#### Given data:
-- -- --
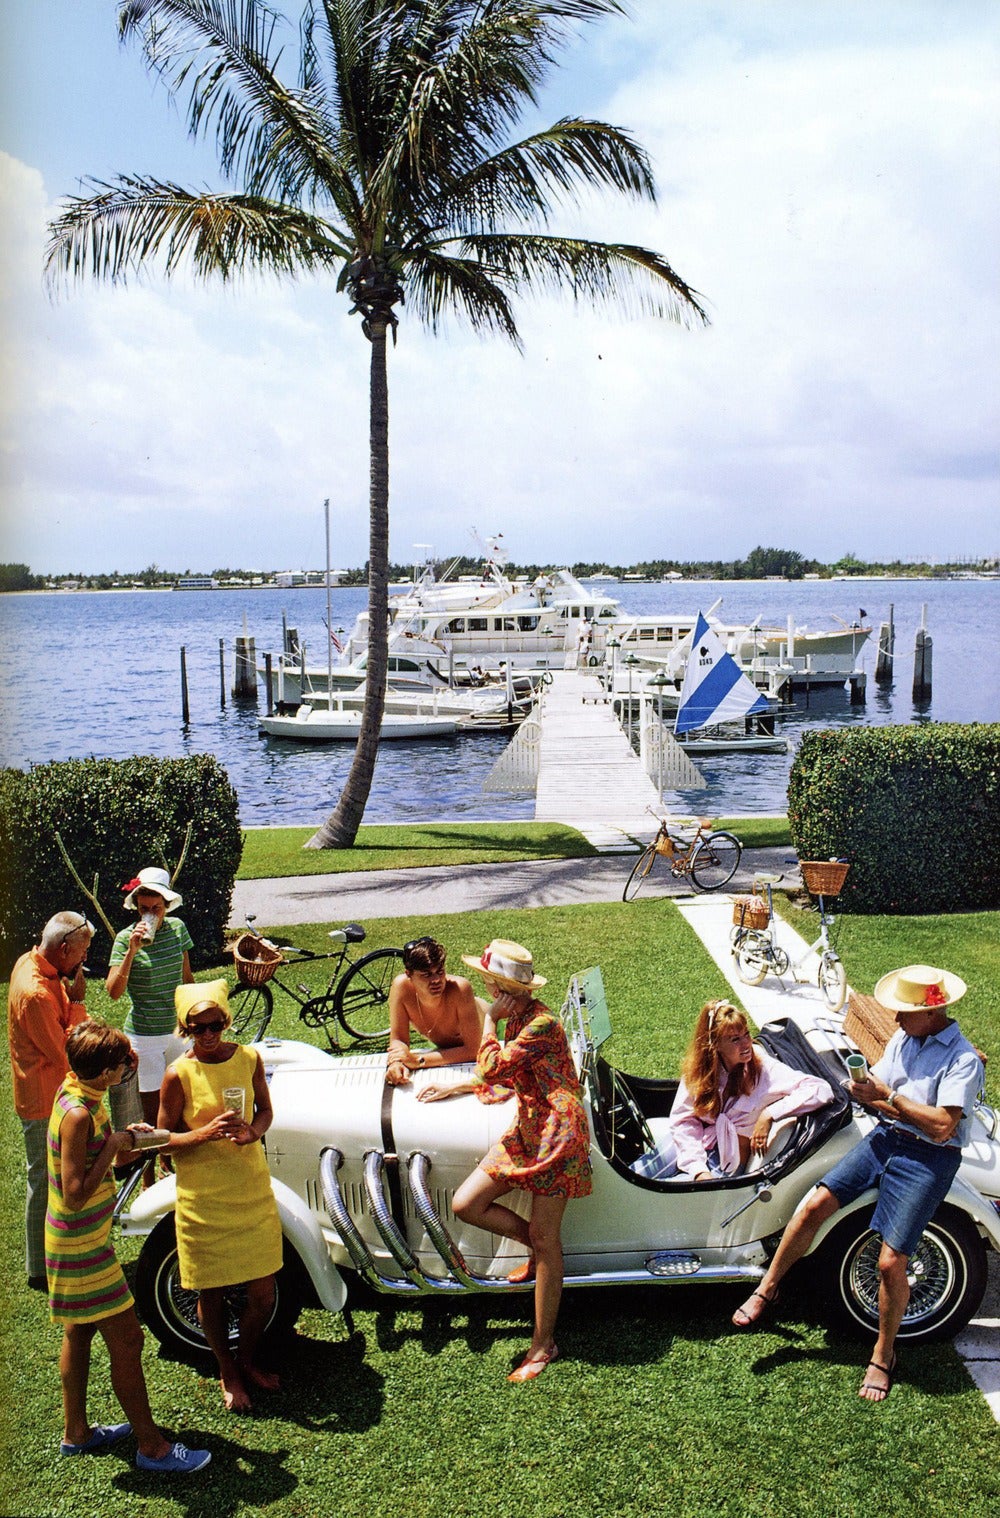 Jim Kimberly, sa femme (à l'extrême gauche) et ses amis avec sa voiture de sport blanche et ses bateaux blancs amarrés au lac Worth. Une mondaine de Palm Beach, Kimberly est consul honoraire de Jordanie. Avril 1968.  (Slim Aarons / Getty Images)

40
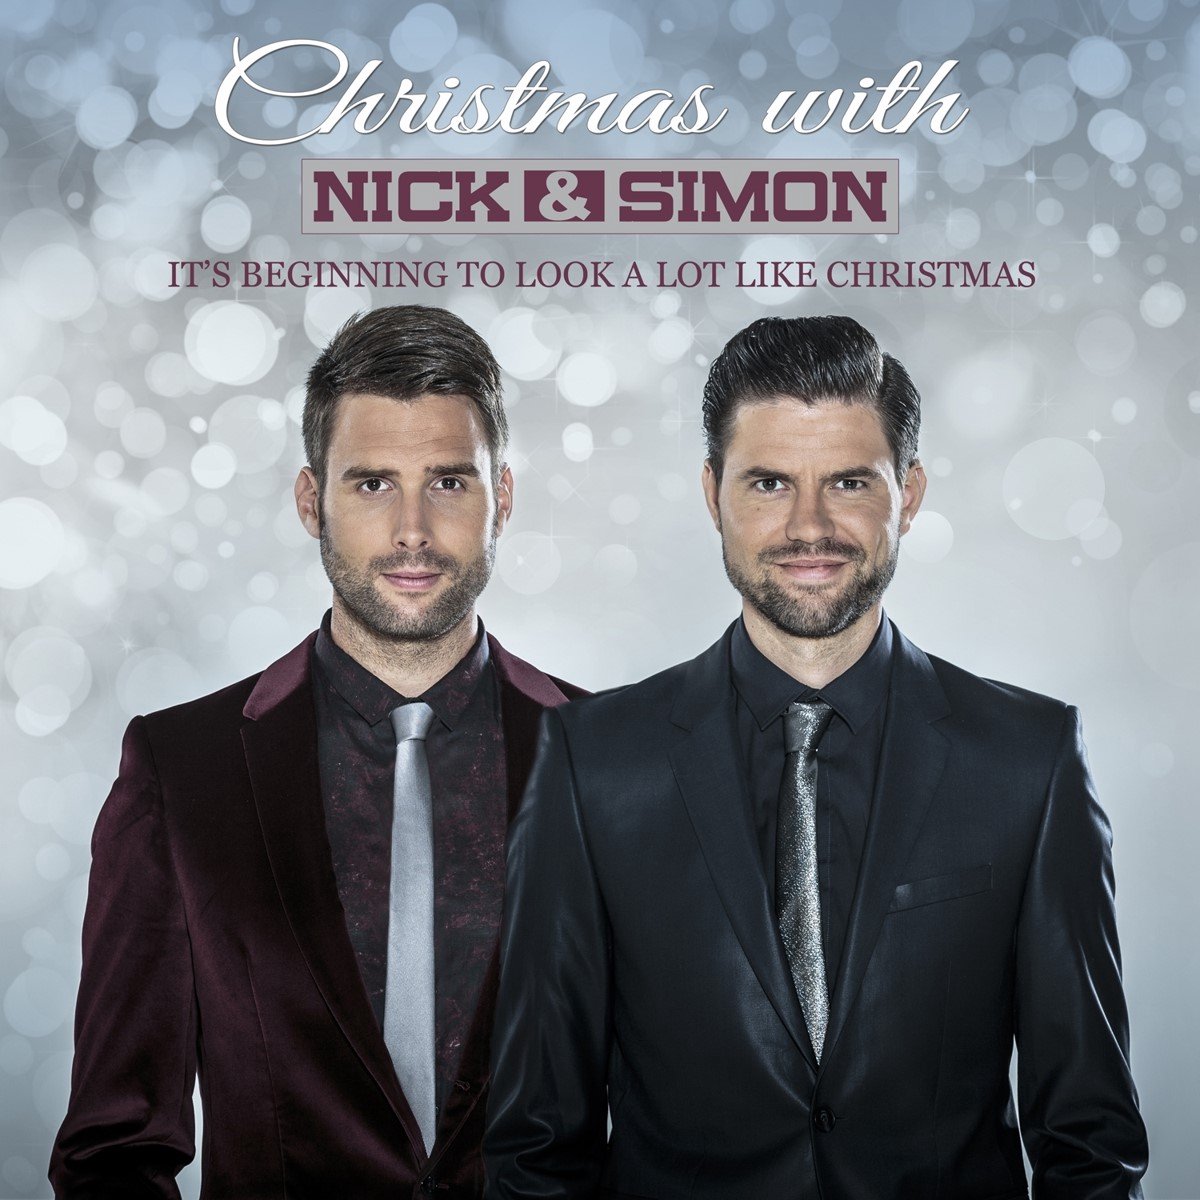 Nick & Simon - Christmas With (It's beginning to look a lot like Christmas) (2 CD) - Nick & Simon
-- -- --
#### About this task:
In transcribing the lines above, omit the images and keep all else exact.

#### Your solution:
 Jim Kimberly, sa femme (à l'extrême gauche) et ses amis avec sa voiture de sport blanche et ses bateaux blancs amarrés au lac Worth. Une mondaine de Palm Beach, Kimberly est consul honoraire de Jordanie. Avril 1968.  (Slim Aarons / Getty Images)

40
 Nick & Simon - Christmas With (It's beginning to look a lot like Christmas) (2 CD) - Nick & Simon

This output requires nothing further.